Under the umbrella of the eurIPFnet consortium, leading European basic and clinical scientists in the field of interstitial lung diseases united in 2008, made possible by a 3 year grant within the EU 7th Framework Programme, to jointly decipher the natural course and molecular pathomechanisms of Idiopathic Pulmonary Fibrosis (IPF) and to develop new therapeutic strategies for patients with IPF. This devastating disease affects approximately 360.000 patients in the EU and the US and causes a substantial socioeconomic burden. IPF patients experience a progressive dyspnoe due to loss of regularly guidestructured alveolar units and concomitant scarring of the lung. Quality of buy seroquel onlinelife gradually decreases and patients usually die within 3-5 years after diagnosis. Currently, Pirfenidone, a drug aiming at retarding disease progression, is the only treatment approved in Europe.
The translational research programme includes a European IPF registry(eurIPFreg) - established as a permanent data repository and open to all clinical experts in the EU, storing and continuously collecting valuable, reviewed and centrally approved data with regard tonatural course, familiar background and susceptibility factors of IPF. Furthermore, a European IPF biobank(eurIPFbank), in which blood, bronchoalveolar lavage fluid, cells and tissue specimen of IPF subjects are collected and kept in trust, is associated with the eurIPFreg. On eurIPFbank samples, transcriptome, proteome, phosphoproteome andlipidome analysis as well as cellular studies and genetic analysis are performed to unravel the molecular pathways underlying IPF and to identify and establish new diagnostic and prognostic markers. Candidate gene verification is performed in cell culture and animal studies, including siRNA and gene transfection technologies and development of genetically altered mice; resulting in the development of new animal models of IPF. With the help of a broad network of scientists, physicians and patient advocacy groups, we have established a unique, sustainable and internationally unrivalled European infrastructure for investigation and treatment of IPF.
Our mission statement is straight-forward:
Fighting for improved survival in Idiopathic Pulmonary Fibrosis
Goals and Objectives addressed between 2008 and 2011
In the eurIPFnet consortium, European Leaders in the field of Idiopathic Pulmonary Fibrosis (IPF) united to combat this devastating and fatal disease. Our translational research project works on a breakthrough in the understanding of the mechanisms triggering the disease and the consecutive cellular reactions underlying progression into overt fibrosis. Based on the competence, complementary knowledge and critical mass assembled within the Consortium, we addressed the following advances:
- Sustaining of a Europe-wide, internet-based registry and biobank of IPF, thus allowing a precise description of the natural course and its dependence on environmental factors and respiratory co-morbidities (e.g. respiratory infection) and enabling access to IPF biomaterials for involved scientists.
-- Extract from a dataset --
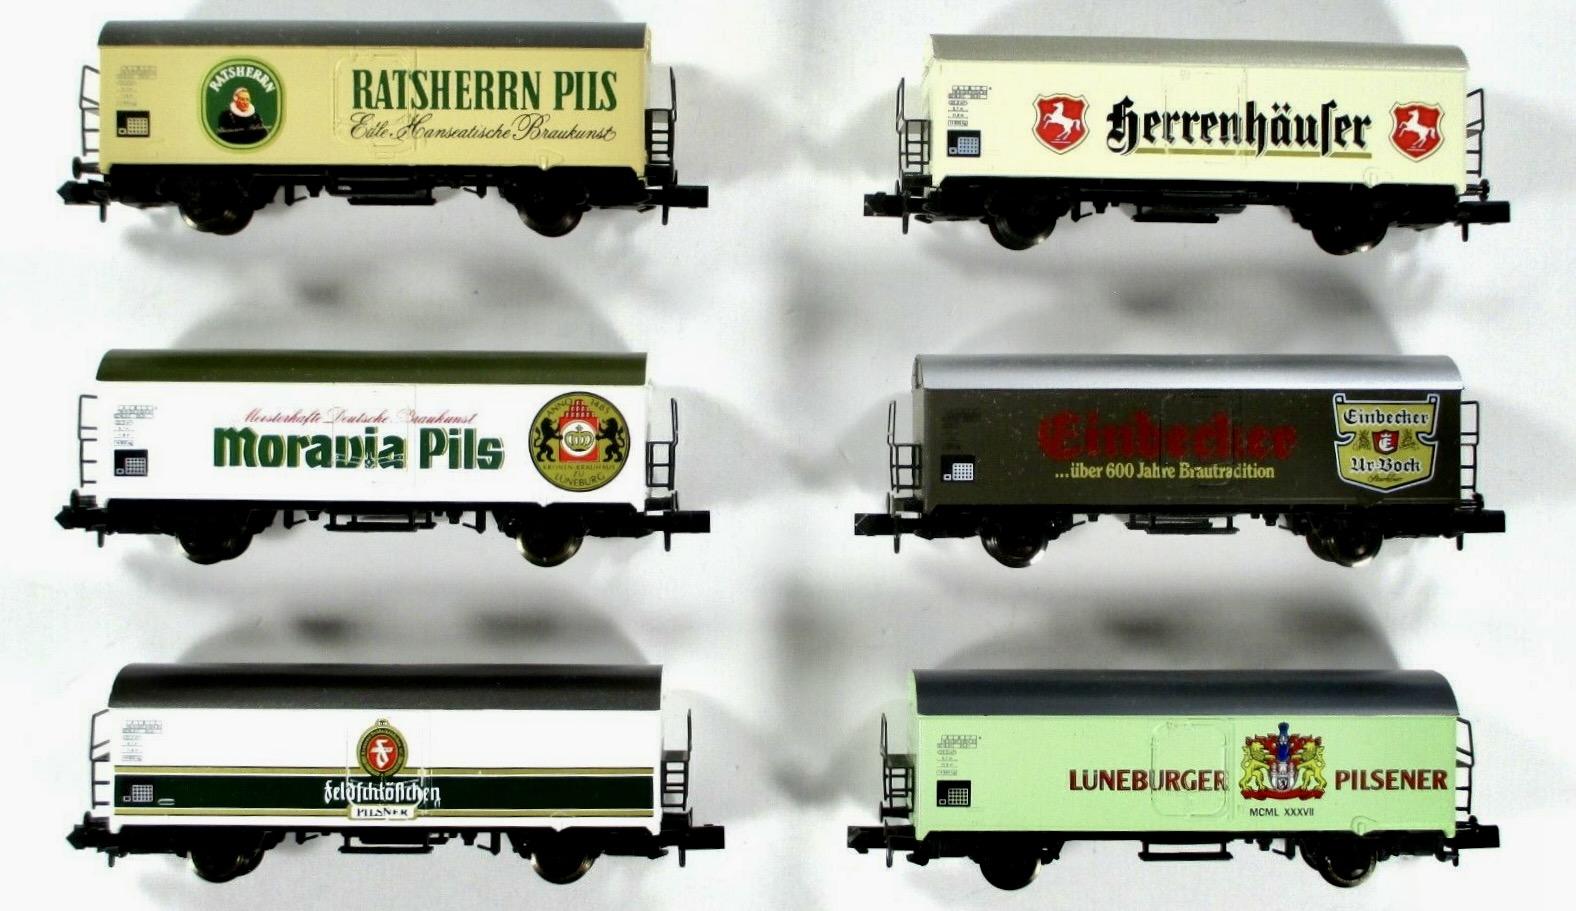 N Scale - Arnold - 0148 - Boxcar, 4-Wheel, Round Top 40 Foot - Deutsche Bahn - 6-Pack

- Description of an IPF-specific transcriptome profile in peripheral blood cells and evaluation of non-invasive, exhaled breath based, surrogate parameters of disease activity.
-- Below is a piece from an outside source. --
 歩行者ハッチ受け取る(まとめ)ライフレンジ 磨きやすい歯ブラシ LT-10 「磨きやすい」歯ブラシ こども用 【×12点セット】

- Comprehensive description of the signalling pathways underlying initiation and progression of IPF, based on transcriptome, proteome, phosphoproteome and lipidome profiling.
- Identification and verification of molecular events and genes triggering the disease.
- Definition of key changes in cellular interactions and description of the hierarchy of involved growth factors, integrins and proteases involved in the secondary fibrotic response to the trigger.
- Identification of new animal models that better mimic the natural course of IPF as compared to previously available models.
- Identification and preclinical evaluation of new therapeutic compounds for treatment of IPF.